Lockley's wife, Sian, has caught hundreds of pigs with him. She is one of a growing number of New Zealand women who are emulating Carol Maru, a pioneer hunter famous for chasing pigs barefoot with a baby on her back. That was 30 years ago; Maru, now 55, is still hunting, and so is her daughter. Maru says: "It's still a very male sport. The men don't like the intrusion into their territory."





Hunting - first practised as a means of survival, when European settlers were turning bush into pasture - is part of the national psyche. The common man jealously guards his right to hunt, and newsagents carry a vast array of magazines with titles such as Guns & Game and Rod & Rifle.

"It's a vicious place," says a friend who has moved to New Zealand. "They'll catch and kill anything."

"Once a pig hunter, always a pig hunter," says Jeffares, smoking contemplatively as he leans on a table in the Te Kuiti Pig Hunting Club. The walls of the draughty hall are lined with trophy heads and jawbones.

Jeffares, who founded the club, was headmaster of the local school for 30 years. He taught art, made pottery and worked with disabled children. He writes poetry, some of which appears in his magazine. One recent poem ends thus: "He grabs a leg/He tips the boar/The knife goes in/It breathes no more."

The Department of Conservation regards hunters as allies in its war to save the country's natural heritage.

DoC says that the fight to conserve kiwi and other native birds justifies extreme means. New Zealand uses 90 per cent of the world's 1080, a poison widely banned in the United States, dumping it from the air on possum-infested areas. Deer are killed from helicopters, goats are shot from speedboats on rivers.

In New Zealand, conservation means annihilating some animals to protect others. Nowadays, even species endangered in their home countries - such as the Australian wallaby and the Chamois-like Himalayan Thar - are treated as pests.

"People in the northern hemisphere go all dewy-eyed and say, 'How can you kill all those wonderful creatures?"' says Herb Christophers, a DoC issues manager. "Well, they may be wonderful, but they're out of context and we're having to live with the repercussions."

In this climate, anti-bloodsports groups struggle to make their voices heard. Protesters who pursued duck shooters down the Waikato River a few years ago fled after the sportsmen turned their guns on them.

Hans Kriek, animal welfare manager of the SPCA in Wellington, condemns culling methods and says that hunting pigs with dogs is especially cruel.

The SPCA claims that young people are turning away from pig-hunting, but the example of the Gill family suggests otherwise.

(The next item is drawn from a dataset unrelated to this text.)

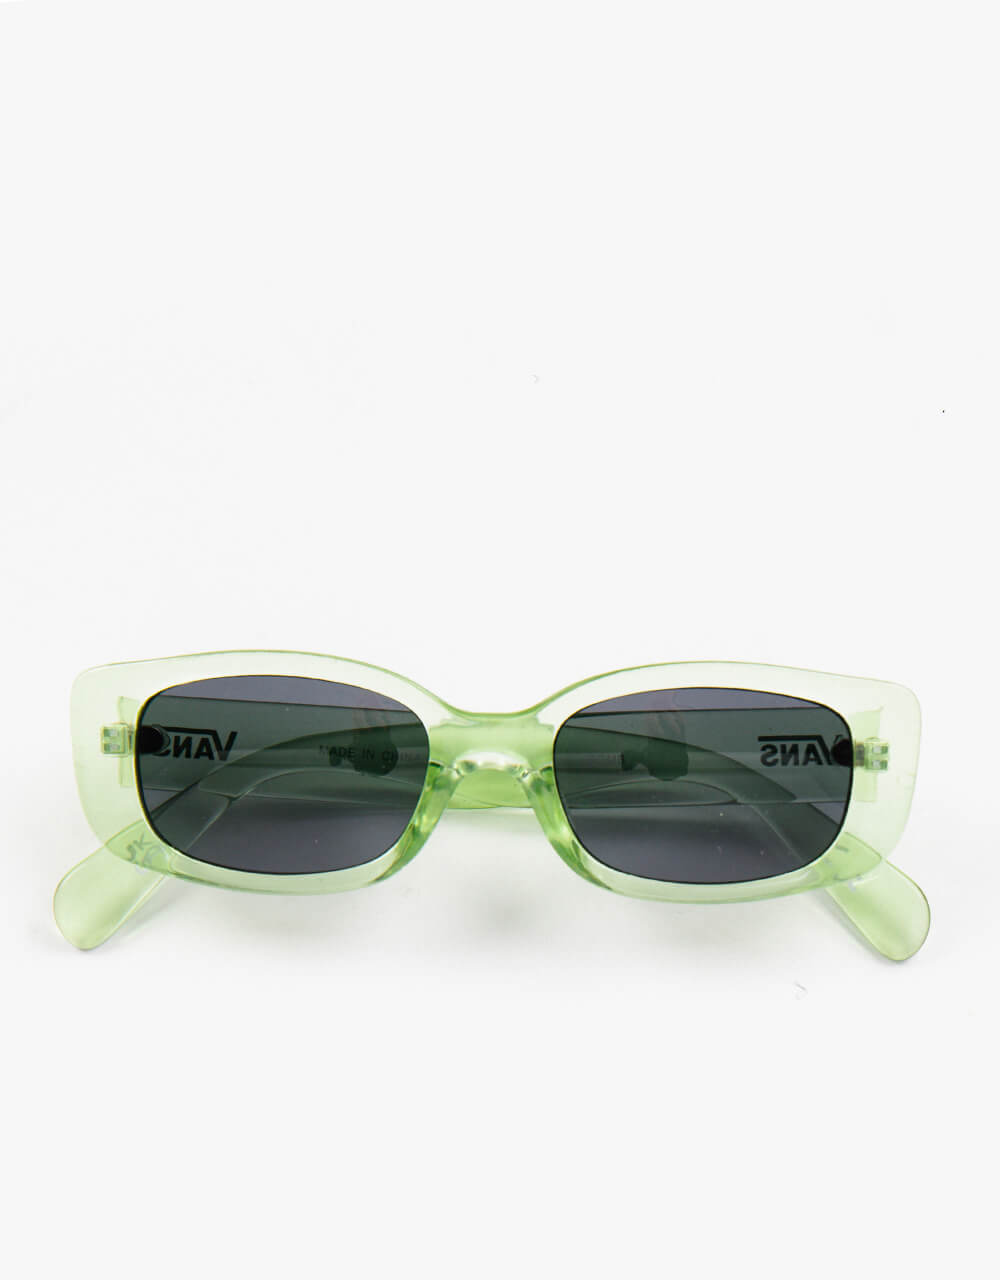 Vans Bomb Sunglasses - Celadon Green
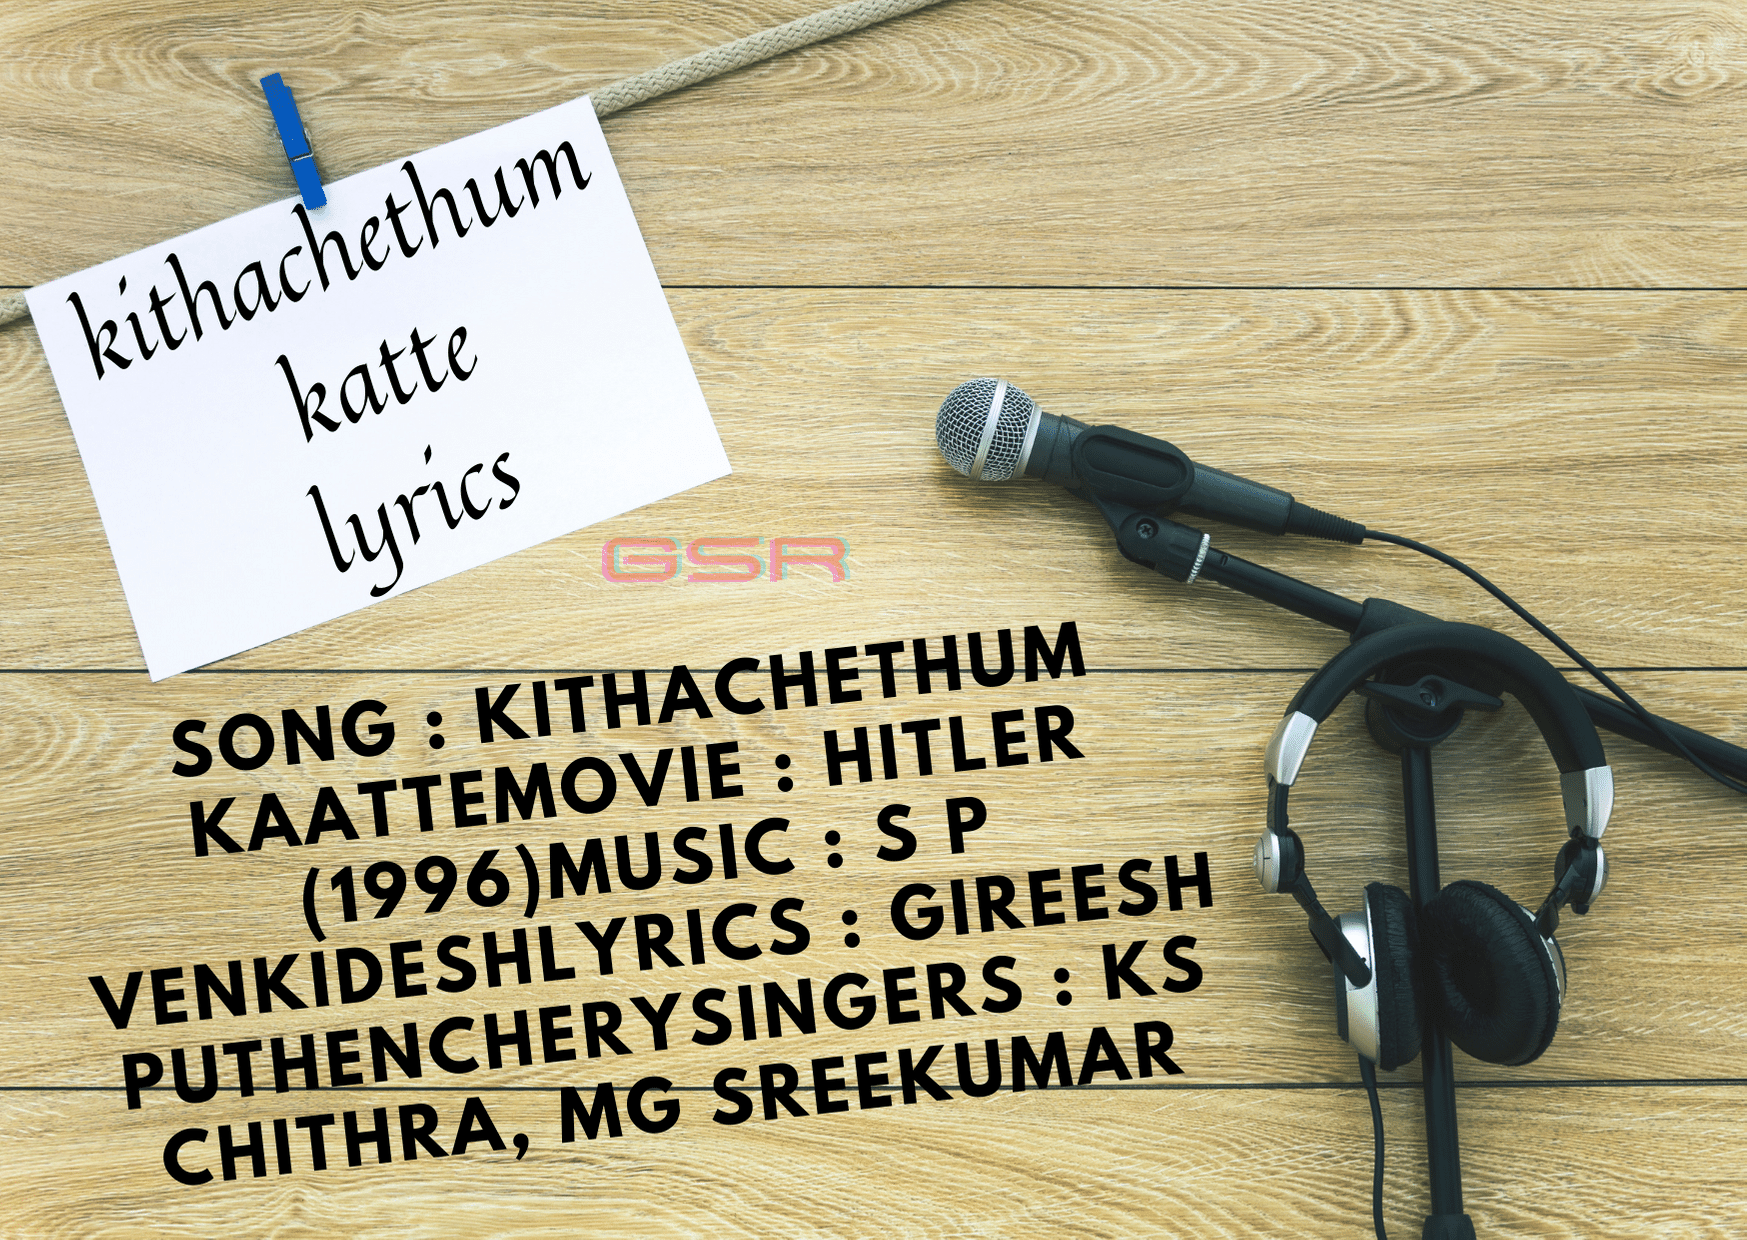 kithachethum katte lyrics kithachethum katte lyrics Song : Kithachethum Kaatte Movie : Hitler (1996) Music : S P Venkidesh Lyrics : Gireesh Puthenchery Singers : KS Chithra, MG Sreekumar [su_youtube url="https://youtu.be/vWrpDwHZsqo" autoplay="yes"] [su_heading]kithachethum katte lyrics In Malayalam[/su_heading] ഹേയ് അക്കരെ നിക്കണ ചക്കര മാവിലൊരിത്തിരി മുത്തണി മുന്തിരിമണിയുടെ കിങ്ങിണി കെട്ടിയ ചെറു ചെറു കനവുകൾ കൂടു തുറന്നു പറന്നിടുമൊരു ഞൊടി ചിറകടി പടഹവും ഇളകിയ ബഹളവും ഒരു ചെറു കലഹവും അതിലൊരു മധുരവും അതുവഴി ഇതുവഴി പലവഴി പരതിയും ഒടുവിലതലനുര ചിതറിയ പറവകളായ് കിതച്ചെത്തും കാറ്റേ കൊതിച്ചിപ്പൂങ്കാറ്റേ മണിത്തുമ്പപ്പൂവിൻ തേനും തായോ.. കിതച്ചെത്തും കാറ്റേ കൊതിച്ചിപ്പൂങ്കാറ്റേ ചിഞ്ചകച്ചക്കം ചക്കം ചിഞ്ചകച്ചക്കം മണിത്തുമ്പപ്പൂവിൻ തേനും തായോ ചിഞ്ചകച്ചക്കം ചക്കം ചിഞ്ചകച്ചക്കം ഓലോലം തുടിച്ചു പാടാം ഓലക്കം മടിച്ചൊന്നാടാം മാണിക്യ ചിറകിലേറാം മാമ്പൂവും തിരഞ്ഞു പാറാം മനസ്സിലൊരുത്സവമല്ലേ മതിമറന്നേറുകയല്ലേ അക്കരെ നിക്കണ ചക്കര മാവിലൊരിത്തിരി മുത്തണി മുന്തിരിമണിയുടെ കിങ്ങിണി കെട്ടിയ ചെറു ചെറു കനവുകൾ കൂടു തുറന്നു പറന്നിടുമൊരു ഞൊടി ചിറകടി പടഹവും ഇളകിയ ബഹളവും ഒരു ചെറു കലഹവും അതിലൊരു മധുരവും അതുവഴി ഇതുവഴി പലവഴി പരതിയും ഒടുവിലതലനുര ചിതറിയ പറവകളായ് കിതച്ചെത്തും കാറ്റേ കൊതിച്ചിപ്പൂങ്കാറ്റേ ചിഞ്ചകച്ചക്കം ചക്കം ചിഞ്ചകച്ചക്കം ആ,...ആ...ധിരനാ... ധിരനാ... ധിരനാ ധിരനാ ധിരനാ ധിരനാ ആ... കണ്ണാടി പോൽ തുള്ളാടുമീ വിണ്ണാറ്റിൽ നീന്തി വരാം മിന്നാടുമീ പൊൻമീനുമായ് കൂത്താടിയാടി വരാം അന്തി മിനുങ്ങും പൂന്തണലിൽ ചന്തമിണങ്ങും ചാന്തണിയാം കൊഞ്ചലുമായി പൂന്തണലിൽ മഞ്ചലിലേറി പാഞ്ഞുയരാം ഒരു നറുമുത്തായ് മനസ്സിന്റെ മണിച്ചെപ്പിൽ കിലുങ്ങിക്കൊണ്ടിണങ്ങിയും പിണങ്ങിയും കുണുങ്ങിയുമലഞ്ഞു വരാം തന ധുംതന ധുംതന ഓ...(അക്കരെ നിക്കണ...) പൂമാനത്തെ പൊൻതാരമായി മിന്നായം മിനുങ്ങി നിൽക്കാം കുഞ്ഞോർമ്മയിൽ സന്തോഷമായ് സ്വർലോകം പണിതുയർത്താം ചന്ദ്രിക ചിന്തും പാൽക്കടലിൽ ചന്ദനവർണ്ണ തോണിയുണ്ടോ മഞ്ഞണിമേഘ താഴ്വരയിൽ കുഞ്ഞിളമാനിൻ കൂട്ടമുണ്ടോ തനി തങ്കത്തിടമ്പെടുക്കുന്ന മുകിൽക്കൊമ്പനാനപ്പുറത്തഴകുമായെഴുന്നള്ളി ഉലകൊന്നായ് വലം വെച്ചിടാം തന ധുംതന ധുംതന ഓ...(അക്കരെ നിക്കണ...) [su_heading]kithachethum katte lyrics In English[/su_heading] Akkare Nikkana Chakkara Maaviloritthiri Mutthani Munthirimaniyude Kingini Kettiya Cherucheru Kanavukal Kooduthurannu Parannidumorunjodi Chirakadi Padahavum Ilakiya Bahalavum Orucheru Kalahavum Athiloru Madhuravum Athuvazhi Ithuvazhi Palavazhi Parathiyum Oduvilu Palanura Chithariya Paravakalaay Kithachethum Kaatte Kothichippoom Kaatte Manithumbapoovin Thenum Thaayo Kithachethum Kaatte Kothichippoom Kaatte Chinchakachakkam Chakkam Chinchakachakkam Manithumbapoovin Thenum Thaayo Chinchakachakkam Chakkam Chinchakachakkam Ololam Thudichu Paadaam Olakkam Madichonnaadaam Maanickya Chirakileraam Maamboovum Thiranju Paaraam Manassilorulsavamalle Mathimarannerukayalle Akkare Nikkana Chakkara Maaviloritthiri Mutthani Munthirimaniyude Kingini Kettiya Cherucheru Kanavukal Kooduthurannu Parannidumorunjodi Chirakadi Padahavum Ilakiya Bahalavum Orucheru Kalahavum Athiloru Madhuravum Athuvazhi Ithuvazhi Palavazhi Parathiyum Oduvilu Palanura Chithariya Paravakalaay Kithachethum Kaatte Kothichippoom Kaatte Chinchakachakkam Chakkam Chinchakachakkam aaa...........dhirana...dhirana........ dhirana dhirana dhirana dhirana...aa... Kannaadipol Thullaadumi Vinnaattil Neendivaraam Minnaadumi Ponmeenumaay Kootthaadiyaadi Varaam Anthiminungum Poonthanalil Chandaminangum Chaandaniyaam Konchalumaayi Poonthanalin Manjalileri Paanjuyaraam Oru Naru Mutthaay Manassinte Manicheppil Kilungikondinangiyum Pinangiyum Kunungiyumalanju Varam thanathumthana thumthana O... Akkare Nikkana Chakkara Maaviloritthiri Mutthani Munthirimaniyude Kingini Kettiya Cherucheru Kanavukal Kooduthurannu Parannidumorunjodi Chirakadi Padahavum Ilakiya Bahalavum Orucheru Kalahavum Athiloru Madhuravum Athuvazhi Ithuvazhi Palavazhi Parathiyum Oduvilu Palanura Chithariya Paravakalaay Kithachethum Kaatte Kothichippoom Kaatte Chinchakachakkam Chakkam Chinchakachakkam Poomaanatthe Ponthaaramaay Minnaayam Minunginilkkaam Kunjormayil Santhoshamaay Swaralokam Panithuyarthaam Chandrikachindum Paalkadalil Chandanavarnna Thoniyundo..... Manjanimekha Thaazhvarayil Kunjilamaanin Koottamundo Thani Thangathidambedukkunna Mukilkombanaanappuratthazhakumaayezhunnalli Ulakonnaay Valam Vecchidaam thanathumthana thumthana O... Akkare Nikkana Chakkara Maaviloritthiri Mutthani Munthirimaniyude Kingini Kettiya Cherucheru Kanavukal Kooduthurannu Parannidumorunjodi Chirakadi Padahavum Ilakiya Bahalavum Orucheru Kalahavum Athiloru Madhuravum Athuvazhi Ithuvazhi Palavazhi Parathiyum Oduvilu Palanura Chithariya Paravakalaay Kithachethum Kaatte Kothichippoom Kaatte Chinchakachakkam Chakkam Chinchakachakkam Manithumbapoovin Thenum Thaayo Chinchakachakkam Chakkam Chinchakachakkam Oololam Thudichu Paadaam Olakkam Madichonnaadaam Maanickya Chirakileraam Maamboovum Thiranju Paaraam Manassilorulsavamalle Mathimarannerukayalle Akkare Nikkana Chakkara Maaviloritthiri Mutthani Munthirimaniyude Kingini Kettiya Cherucheru Kanavukal Kooduthurannu Parannidumorunjodi Chirakadi Padahavum Ilakiya Bahalavum Orucheru Kalahavum Athiloru Madhuravum Athuvazhi Ithuvazhi Palavazhi Parathiyum Oduvilu Palanura Chithariya Paravakalaay

In their living room, Teira sits transfixed by two pig-hunting videos made by John Lockley. For those unaccustomed to such a diet, the videos turn the stomach, with close-ups of dogs tearing at their bleeding prey and a soundtrack of squeals of terror. On the other side of the room, Teira's 6-week-old brother, Weston, is sleeping, blissfully oblivious to the pleasures that await him.